◆ Task requirements:
From the entries below, write out exactly the lines between the line holding "Цветочный магазин кызыл." and the line holding "For Fox Sake: Fox", inclusive, excluding any pictures.

◆ Records supplied:
════════════════
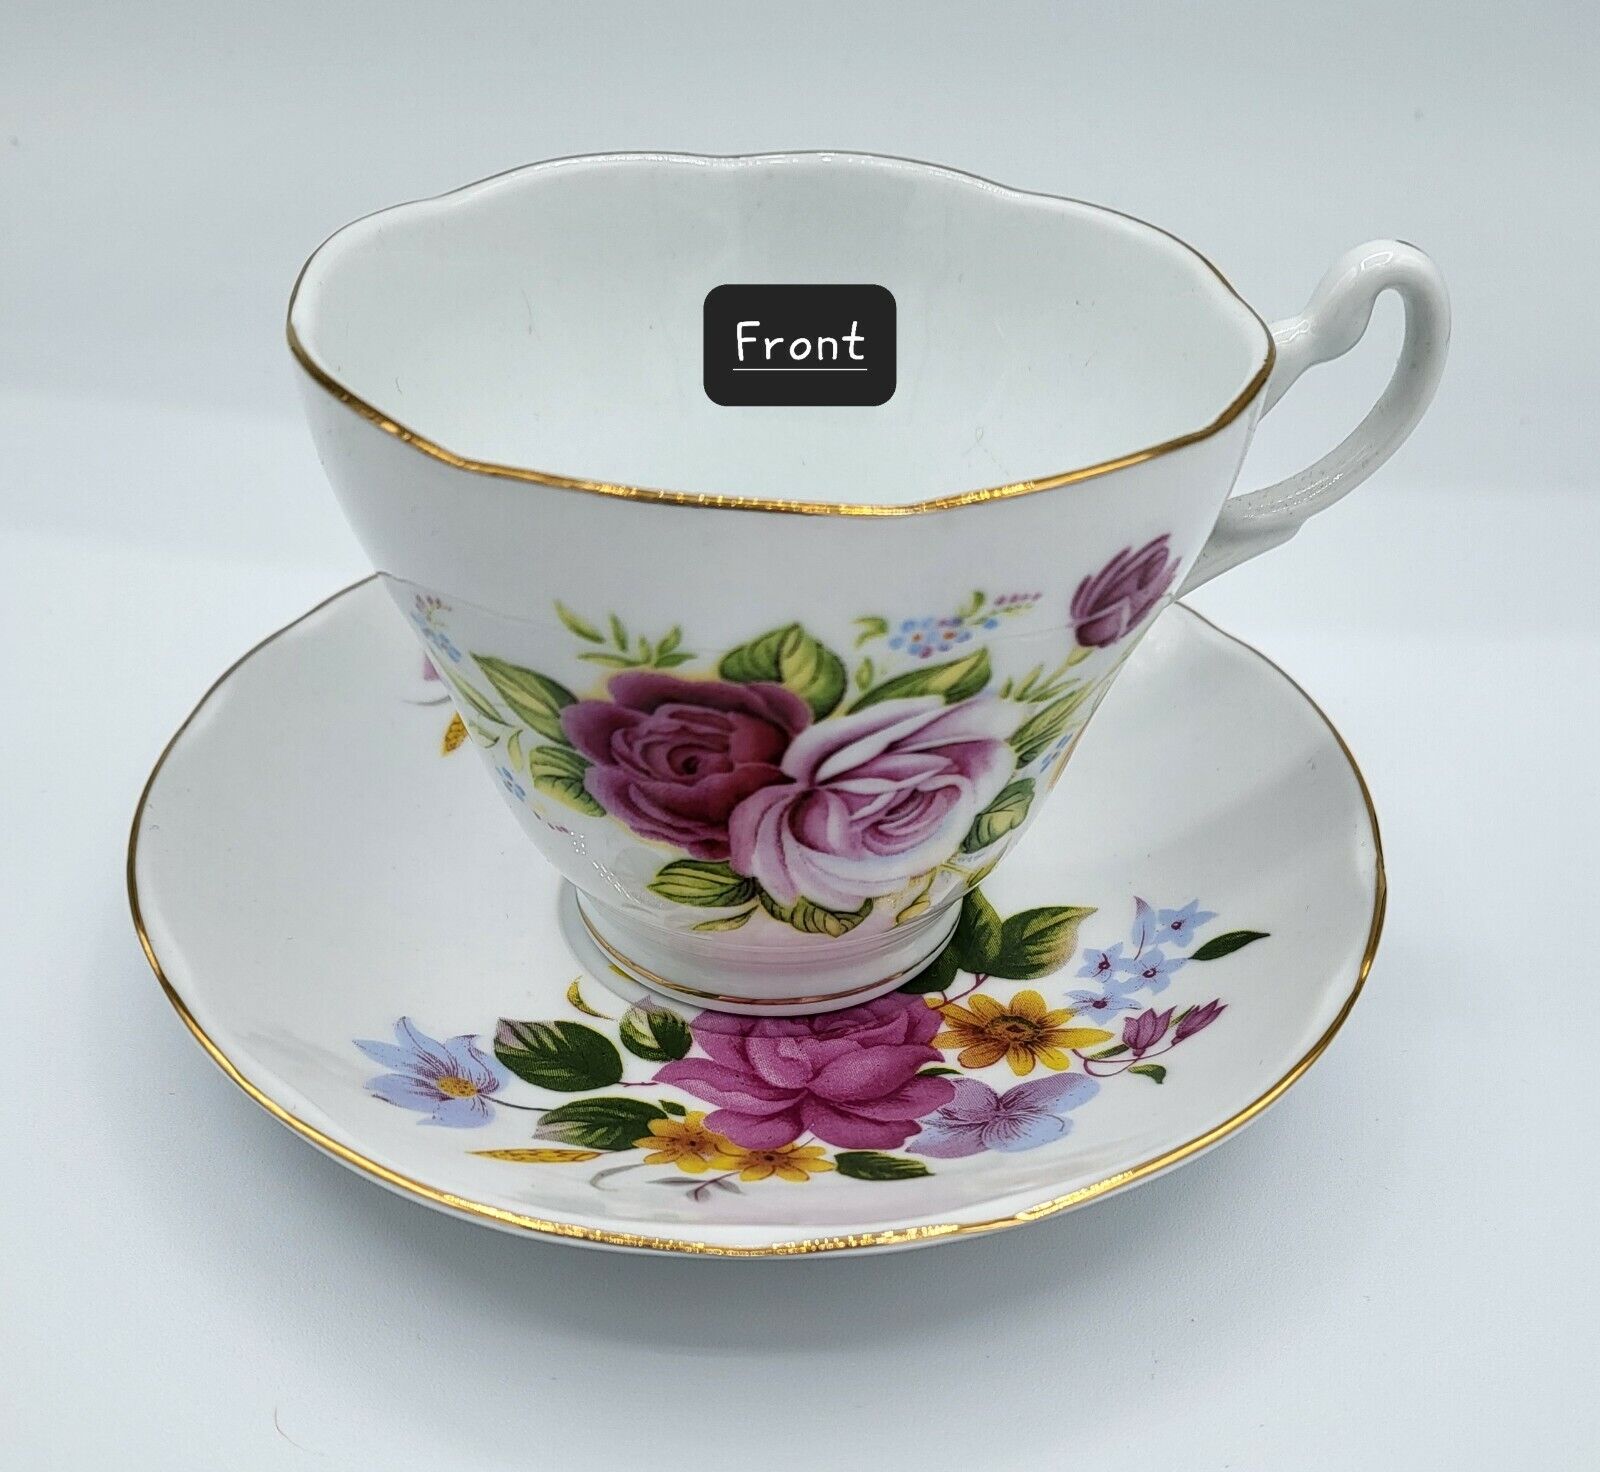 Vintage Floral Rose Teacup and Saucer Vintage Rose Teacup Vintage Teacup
════════════════
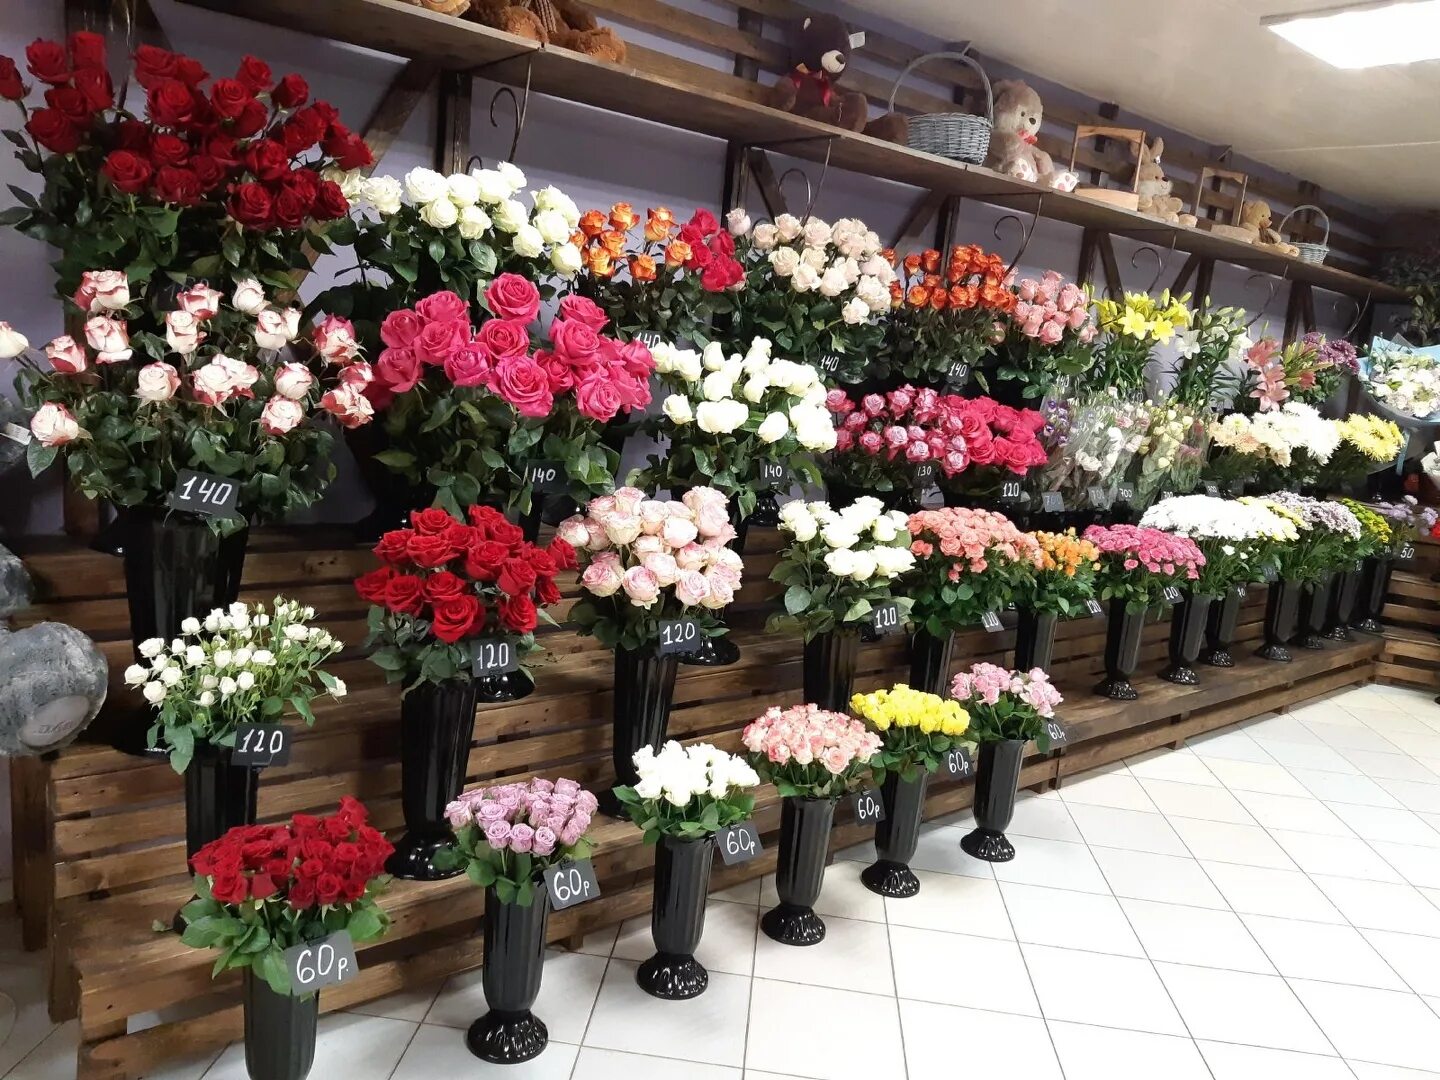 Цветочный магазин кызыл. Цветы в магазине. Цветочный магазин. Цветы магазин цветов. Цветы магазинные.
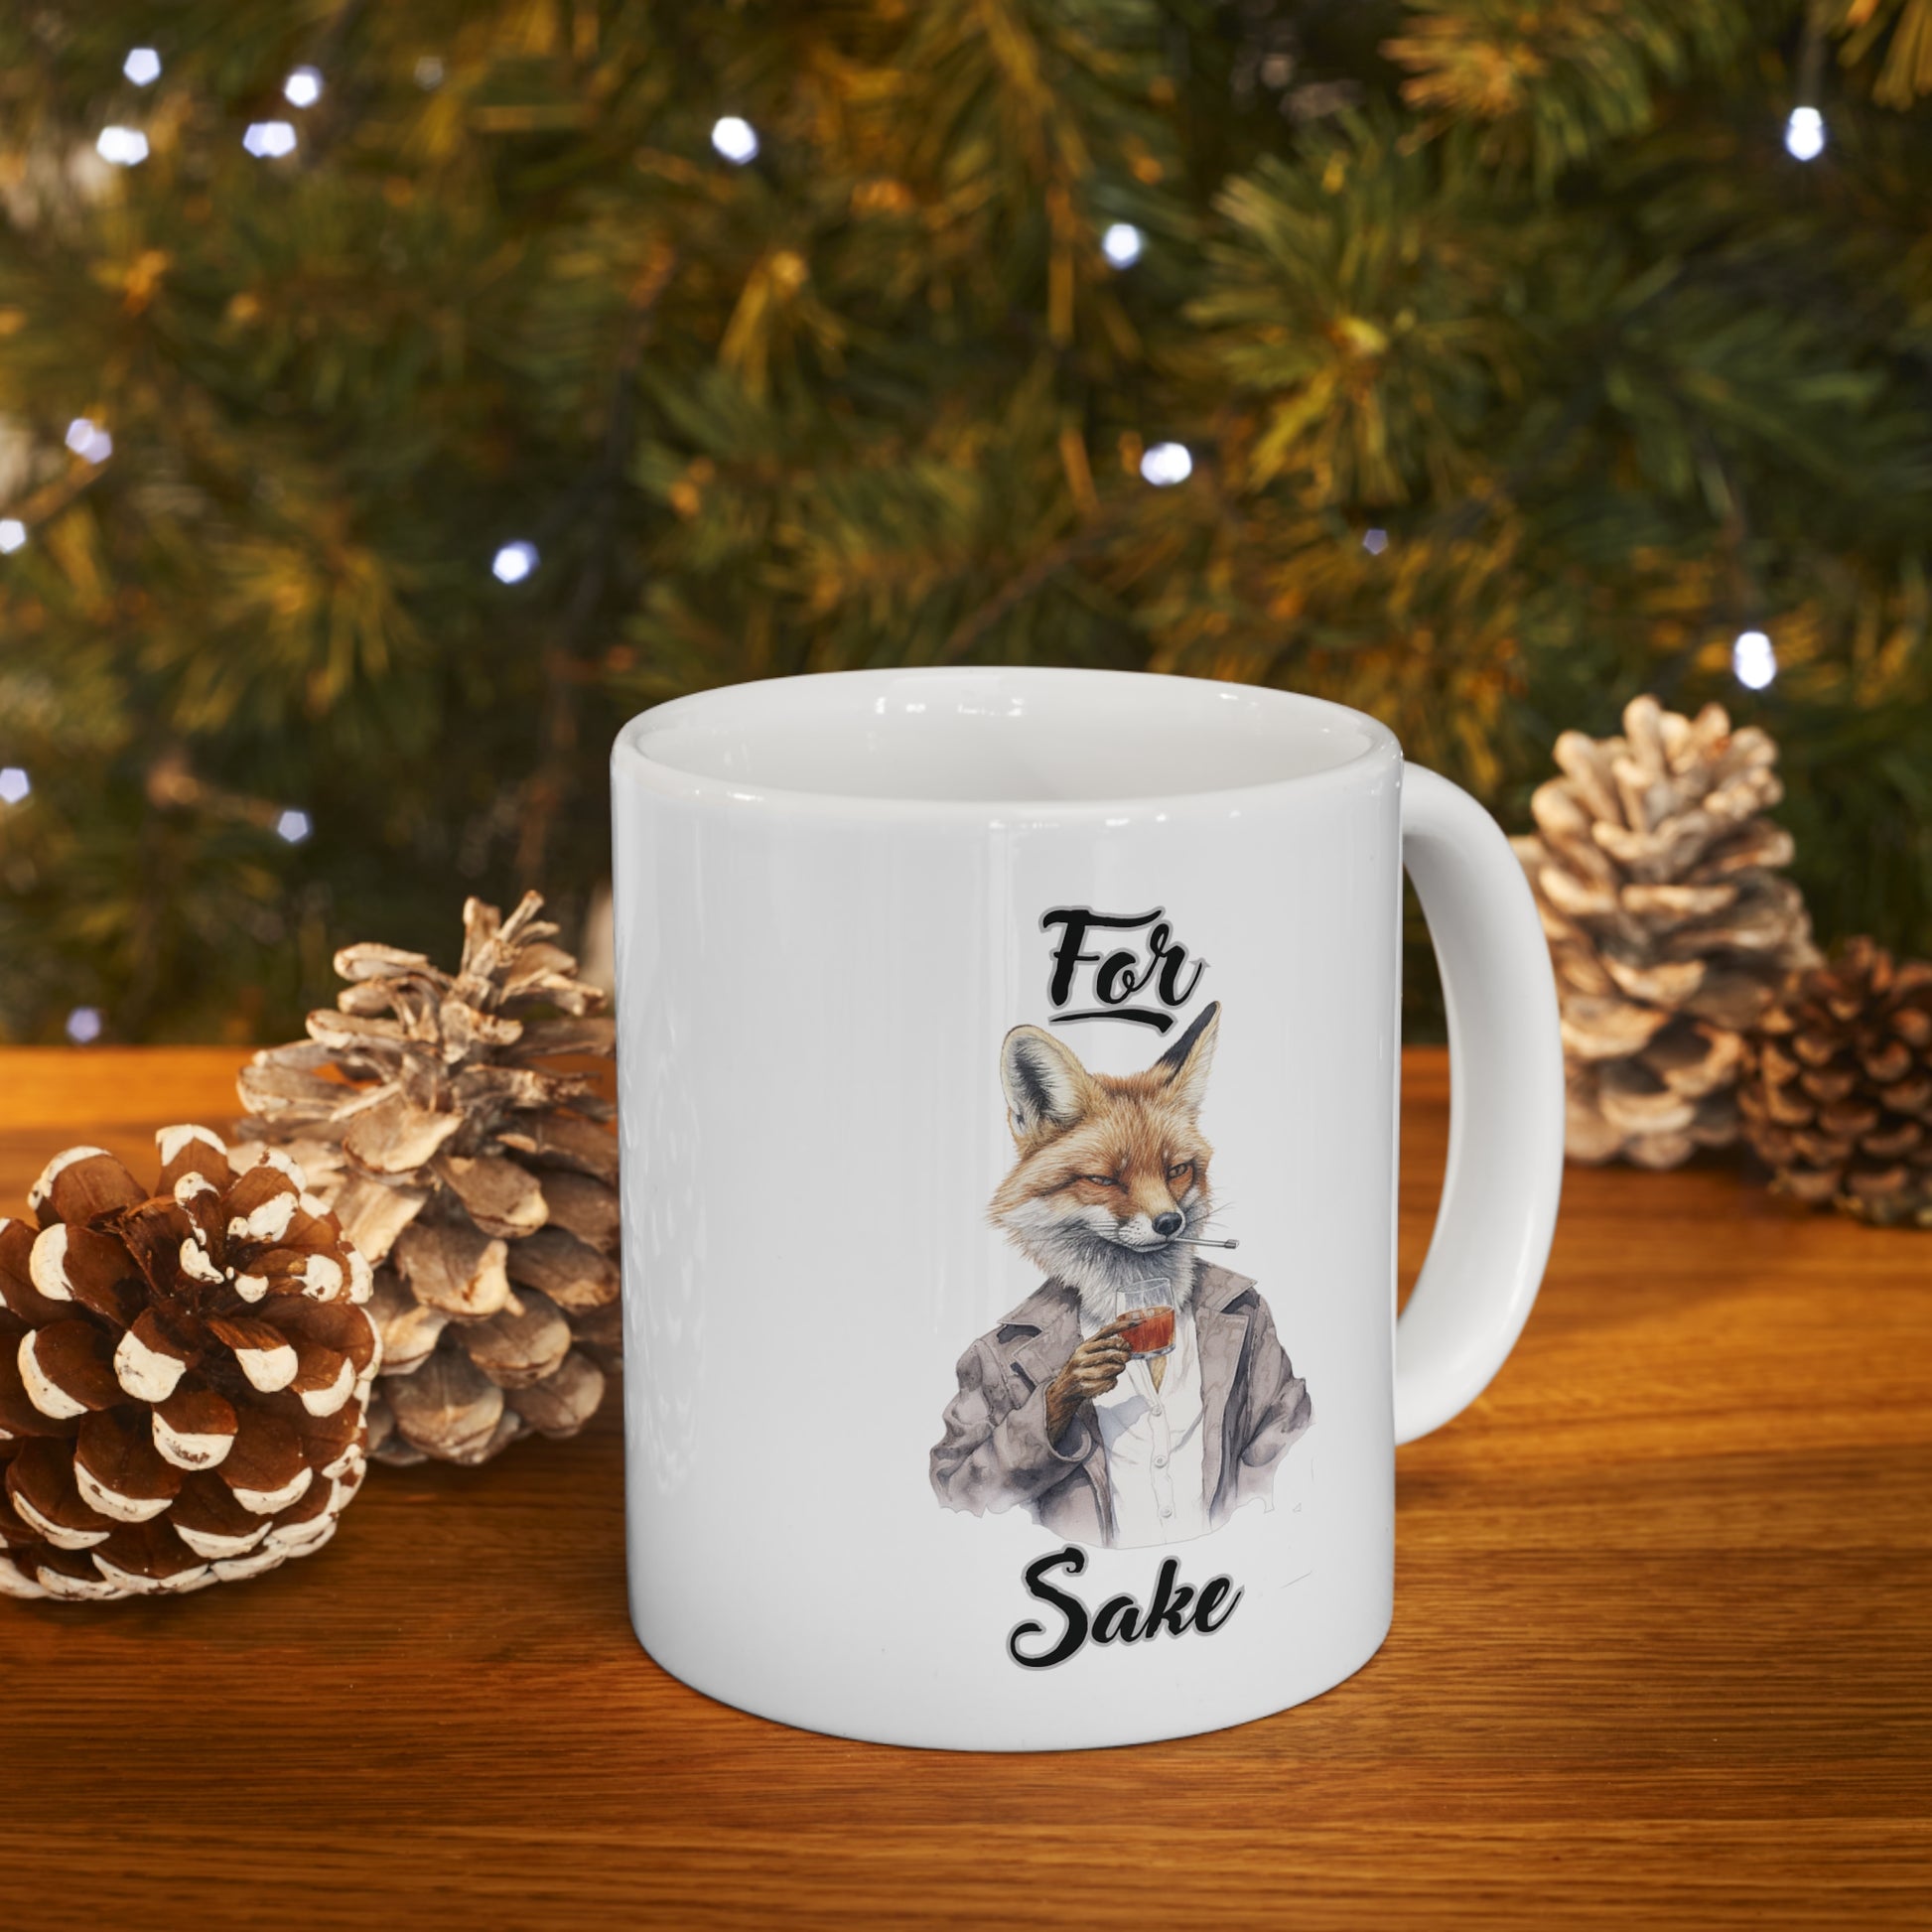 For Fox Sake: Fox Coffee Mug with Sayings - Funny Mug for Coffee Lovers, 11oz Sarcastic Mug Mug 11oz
════════════════
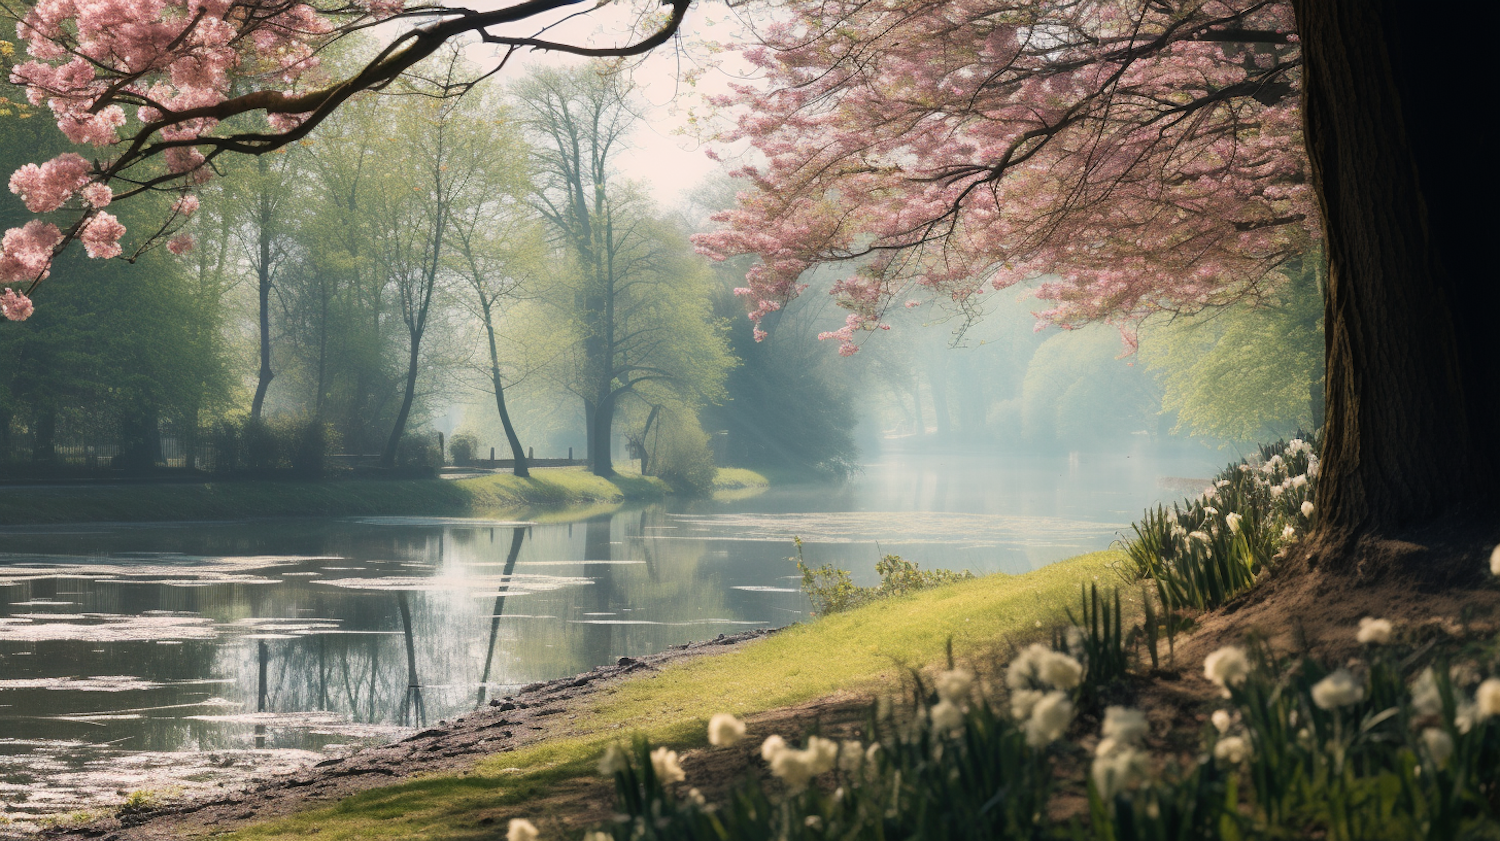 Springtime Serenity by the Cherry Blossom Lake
════════════════
◆ The answer:
 Цветочный магазин кызыл. Цветы в магазине. Цветочный магазин. Цветы магазин цветов. Цветы магазинные.
 For Fox Sake: Fox Coffee Mug with Sayings - Funny Mug for Coffee Lovers, 11oz Sarcastic Mug Mug 11oz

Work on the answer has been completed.